_Dataset extract_:
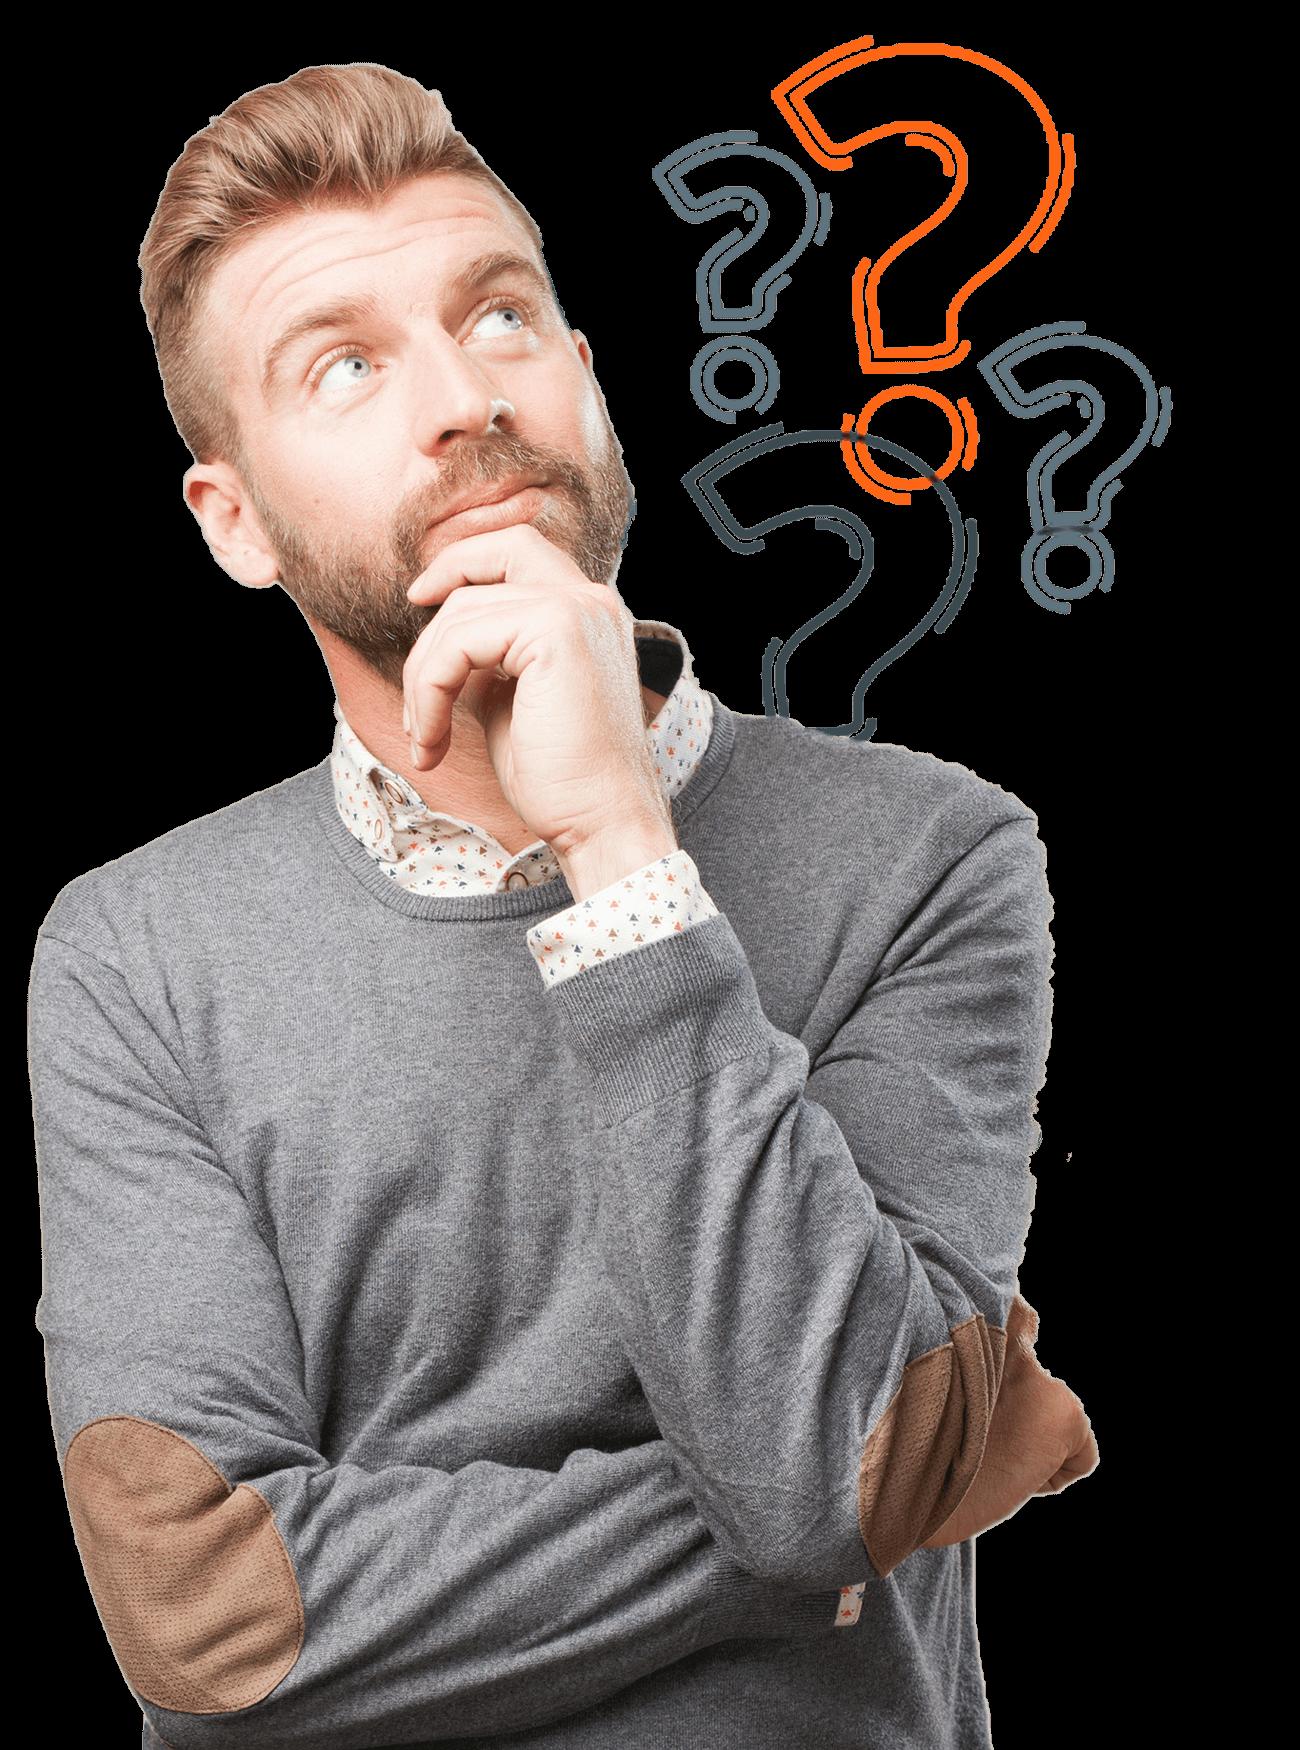 שאלות נפוצות שעולות אצל בן אדם בחולצה אפורה עם סימיני שאלה מהצד הימני שלו בעת הסתכלות על השירותים של בייט טכנולוגיה
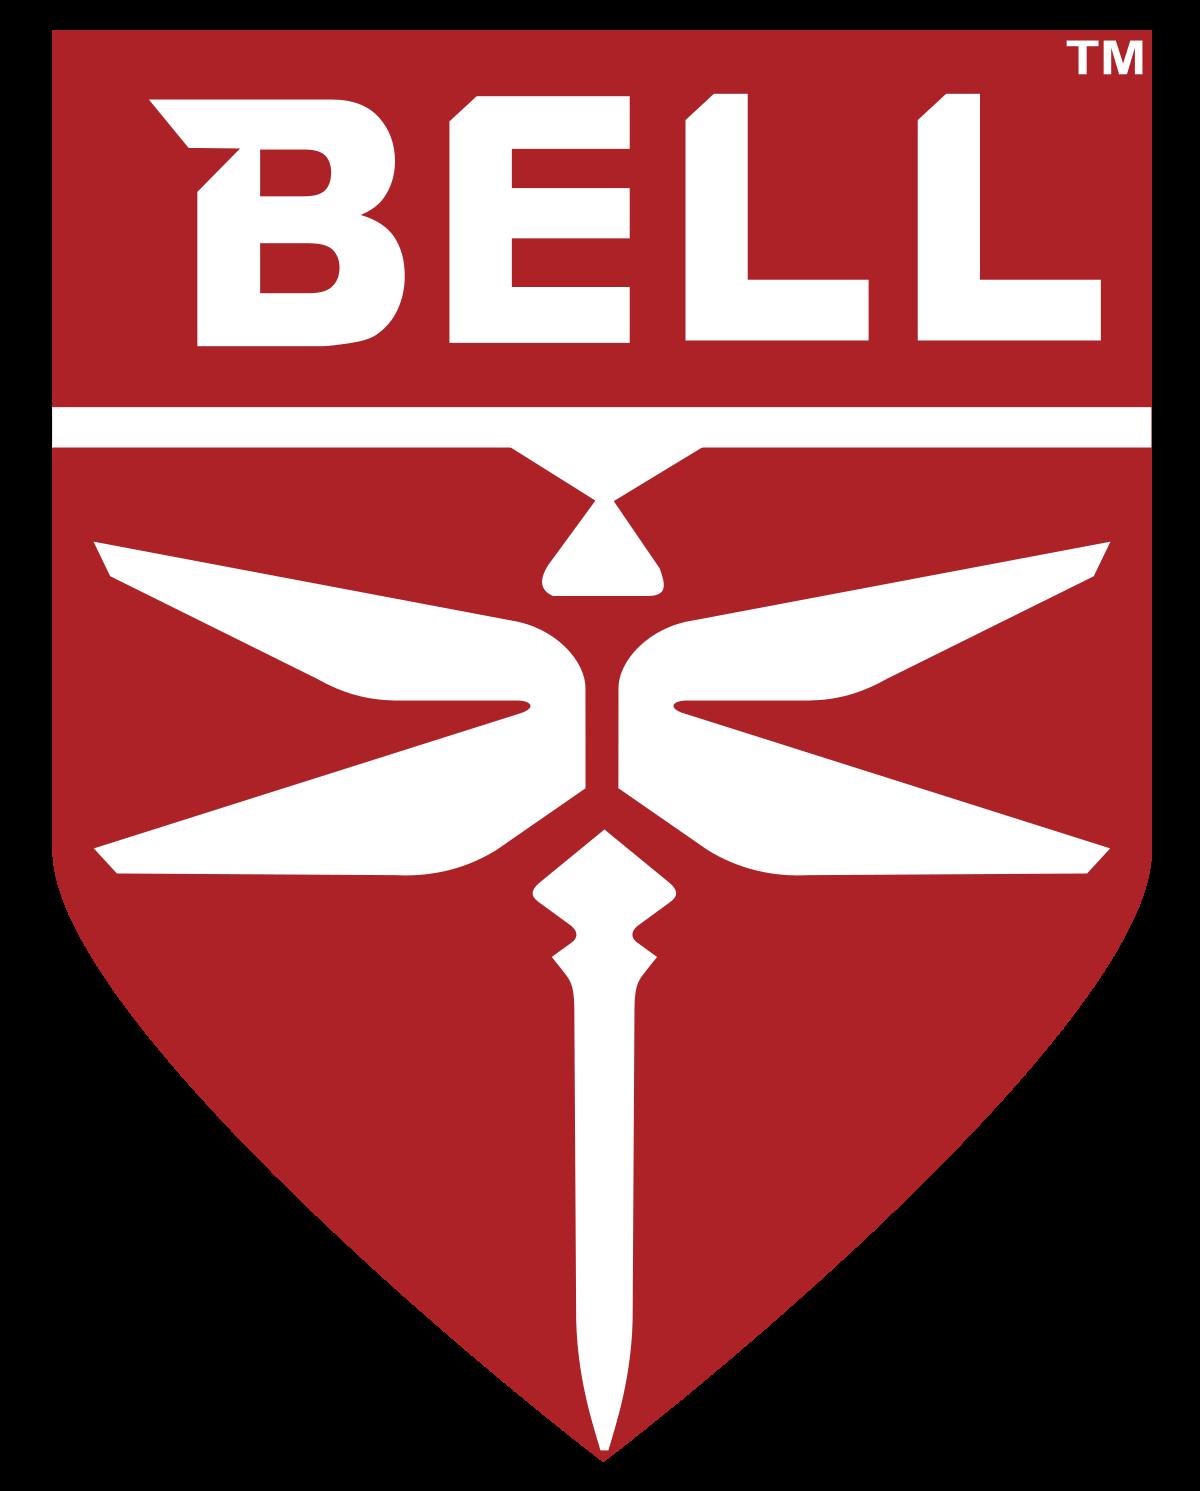 Bell Flight Textron
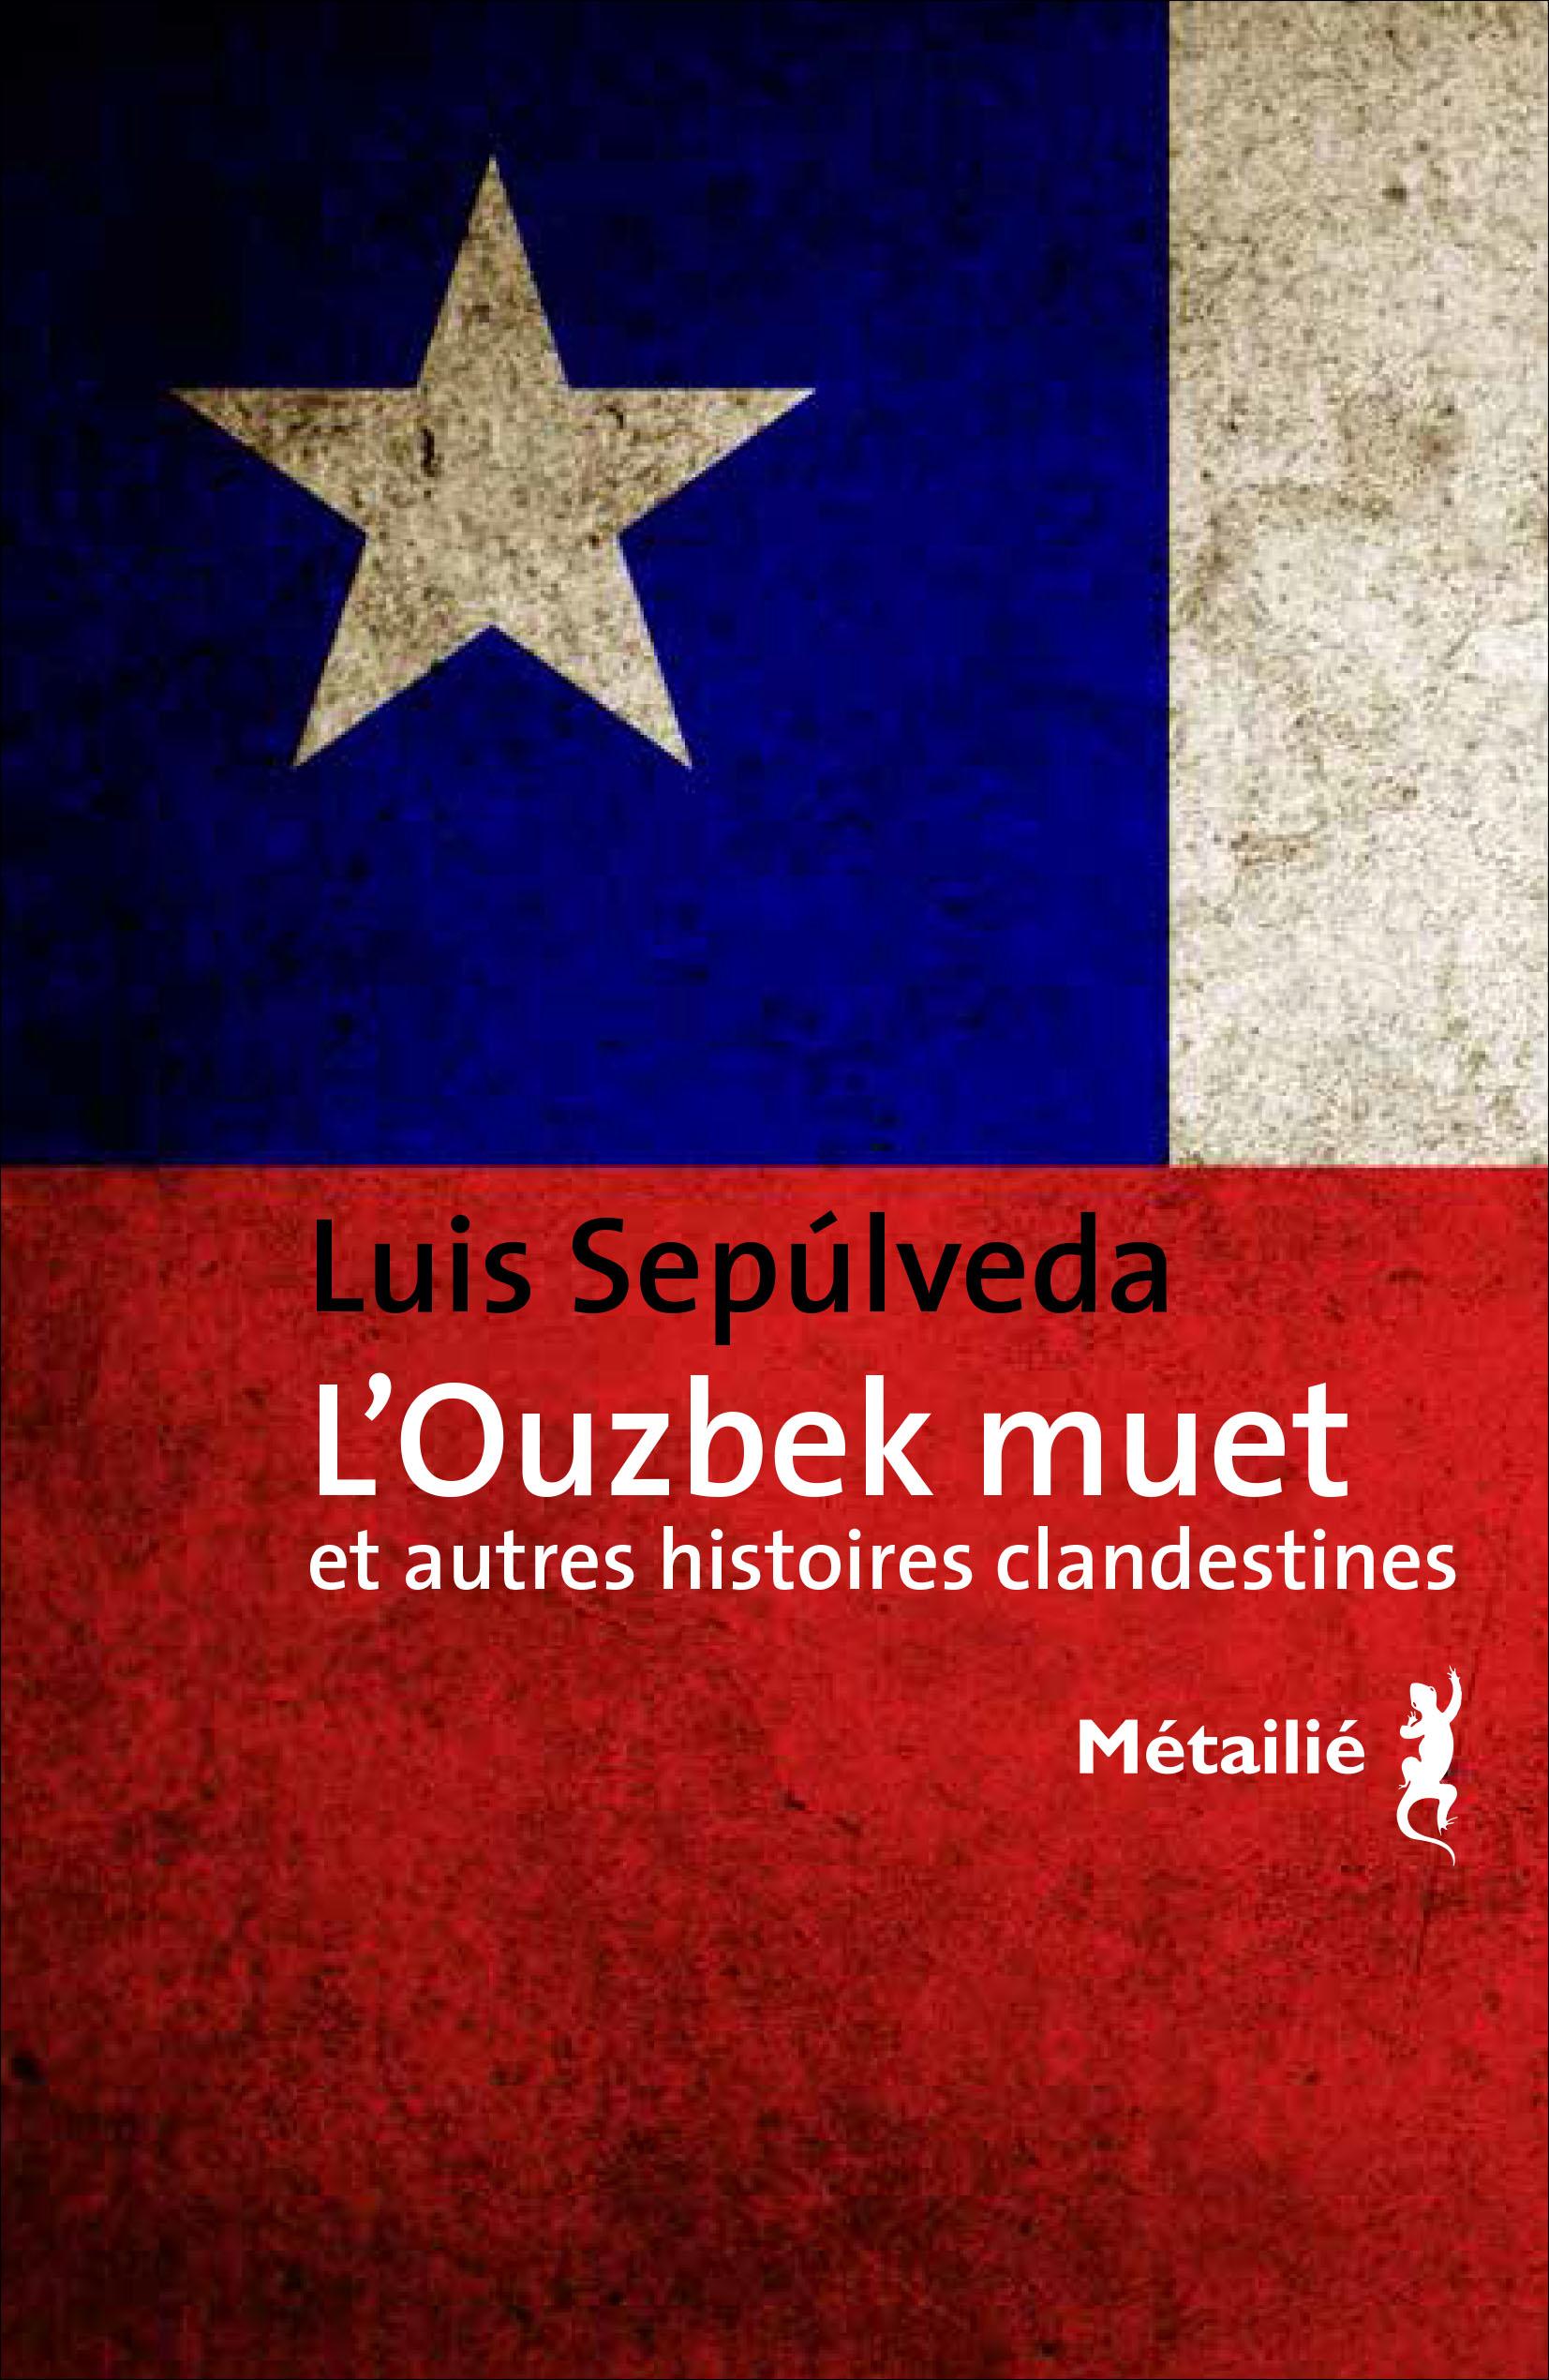 Ouzbek muet et autres histoires clandestines HD

_Work task_: Print out the whole of the material word for word, without pictures.

_Answer section_:
 שאלות נפוצות שעולות אצל בן אדם בחולצה אפורה עם סימיני שאלה מהצד הימני שלו בעת הסתכלות על השירותים של בייט טכנולוגיה
 Bell Flight Textron
 Ouzbek muet et autres histoires clandestines HD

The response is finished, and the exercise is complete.